While shopping is undoubtedly the future for ecommerce (especially with the changes to the search result page (SERP) ), dynamic search campaigns allow the advertiser to see which parts of their site generate the most transactional traffic. Thus, they know how to prioritize their feed, as well as which search campaigns to keep and which to scrap because they focus on products with low margins/low prospect engagement.
Retargeting is helpful in most instances, but it’s mission critical for ecommerce providers. Luckily, Google offers dynamic product listing ads that allow the specific product that got abandoned to follow the user for a set amount of time.
Keyword Selection Theory
The stage is set: we’ve picked our structure; we’ve optimized our landing pages – it’s time to pick our keywords.

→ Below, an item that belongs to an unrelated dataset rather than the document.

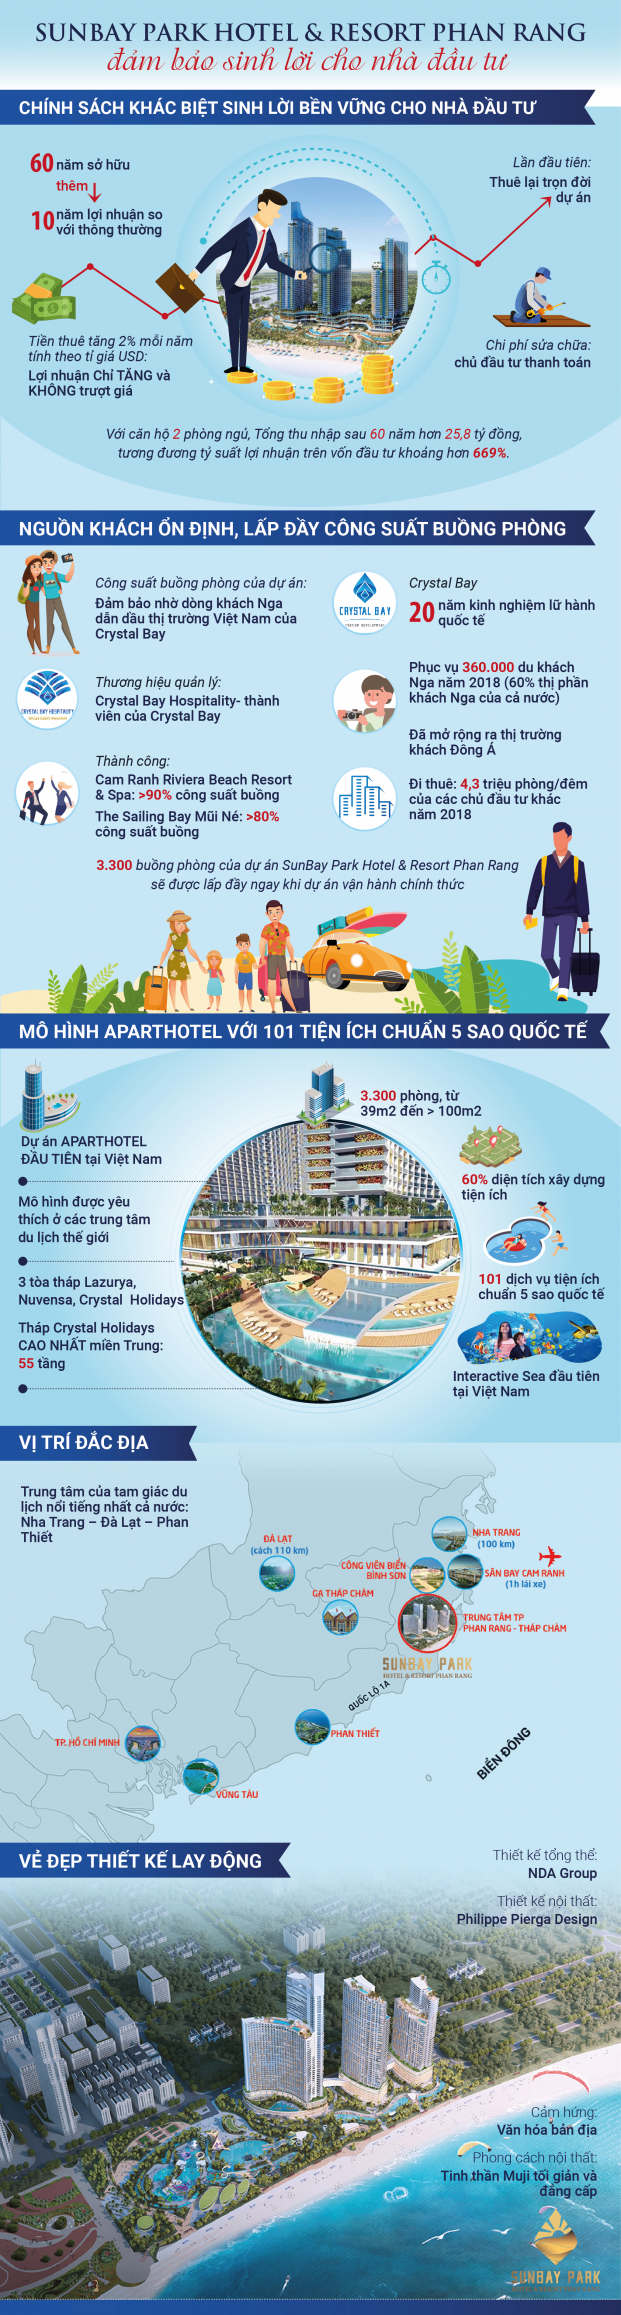 SunBay Park Hotel & Resort Phan Rang: Bảo chứng sinh lời cho dòng vốn đầu tư BĐS du lịch 1
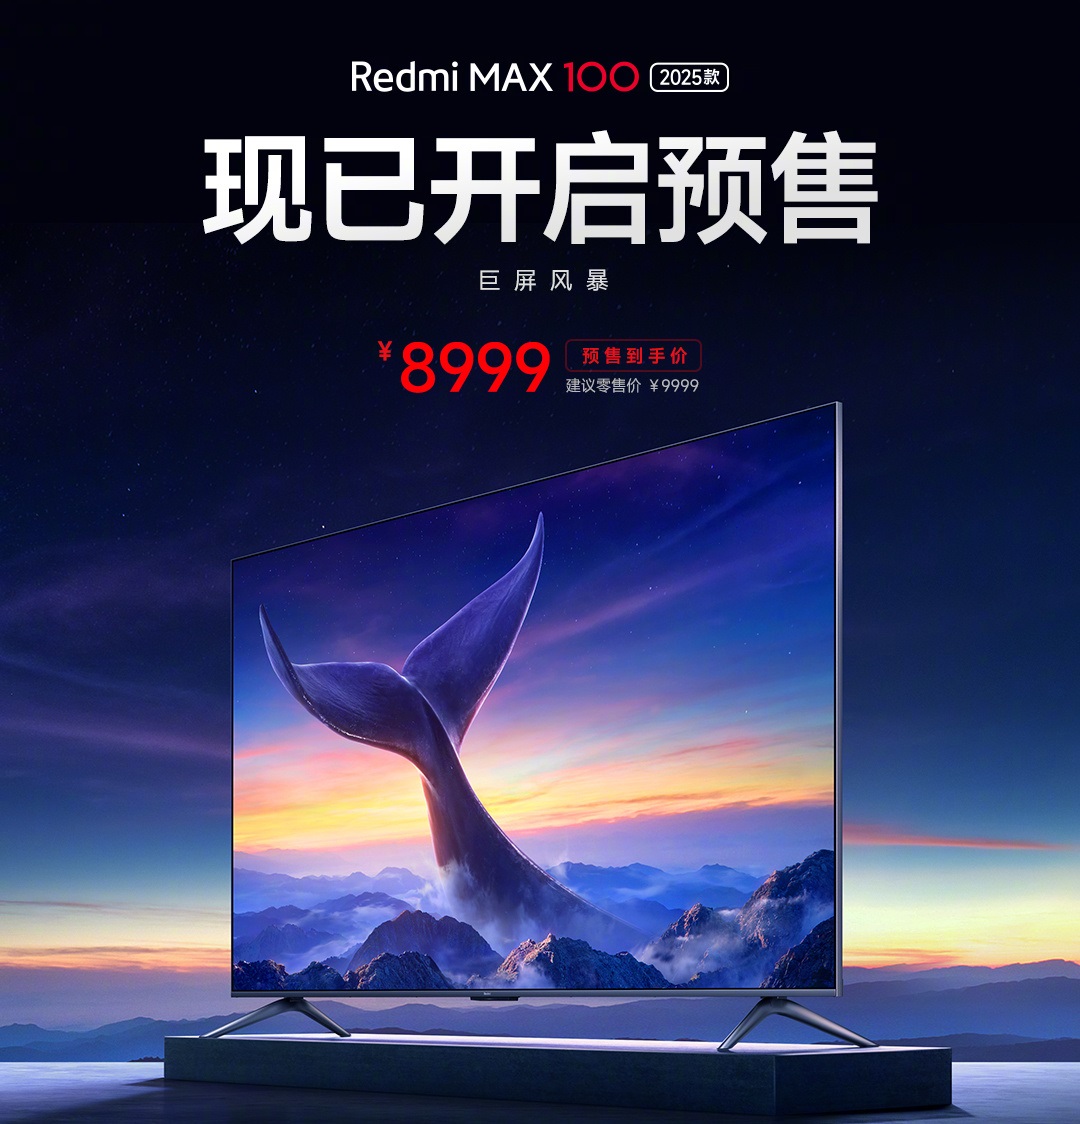 В Китае начались продажи телевизора Redmi MAX 100 2025 со 100-дюймовым экраном

When an account is just beginning it’s ok to include some broader terms, as well as some broad match type in your ad groups. These keywords will allow you to gather data on how your prospects are searching.
That said, it’s important to include transactional keywords: “cat vet” vs “vet”. Cat vet focuses in on a very specific customer and ensures the ad will only be served to a pet owner who has cats.
The search term, “vet” casts a much wider net and could lead to potential customers you would never be able to service.
Additionally, unless the keywords is a branded term (and on exact match), single words should NEVER be a part of the accounts. They hog clicks and impressions and steal the legs from keywords that are the real queries prospects are searching, and cause carefully crafted ads to turn irreverent because they are being served to an audience that’s not quite right.
In both instances, there’s a “four-pack” of locations with a map. This comes from “Google My Business” and the locations attached to the campaigns. It’s vitally important that you claim your business, as well as ensure the right one is matched up with your campaigns. Otherwise, it’s possible to serve the wrong location or business to the prospect.
The more transactional you can get with your keywords the better, just remember to keep the keywords separated by keyword concept, and under no circumstance include your branded terms or competitor terms in your general service campaigns (both types of keywords will have outlier metrics that can throw your ad groups/campaigns off.